You're not alone. There's been that LaTeX problem here for a few months now...speaking of which: long time, no see! Welcome back.

 

[OlderDan]

You're not alone. There's been that LaTeX problem here for a few months now...speaking of which: long time, no see! Welcome back.

Thanks. I got real busy there for some time. I may be here in spurts. Don't know for sure.

Now I can't even get the thing to display when I post the message grrrrrrrrrrrr!

 

[jtbell]

Adding a title

Why not just leave the final equations here, as examples for other people to learn from? At least if you're testing some new technique; you can add a title or note describing it, if you get it to work.

Or can you add a title to a previously-posted message? Let's see... Aha, you can, if you "Go Advanced" when editing.

 

[OlderDan]

Why not just leave the final equations here, as examples for other people to learn from? At least if you're testing some new technique; you can add a title or note describing it, if you get it to work.

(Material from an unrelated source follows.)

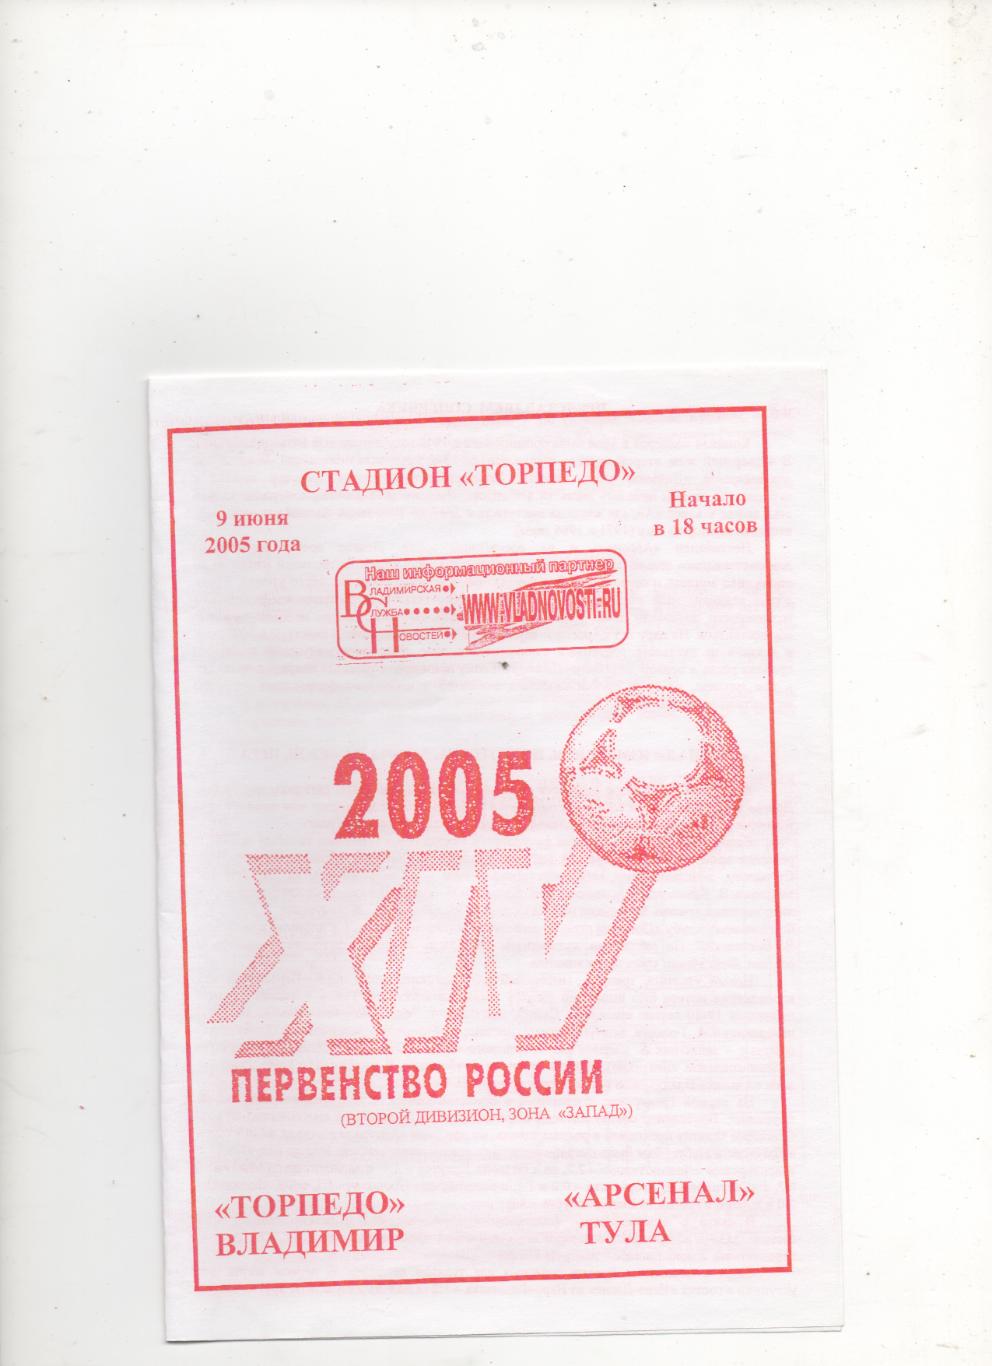 Торпедо (Владимир) - Арсенал (Тула) - 2005.

Or can you add a title to a previously-posted message? Let's see... Aha, you can, if you "Go Advanced" when editing.

I could do that. The ones that have worked have been posted in context. The stuff I was doing here was just checking the LaTeX, so it had no discussion to go with it.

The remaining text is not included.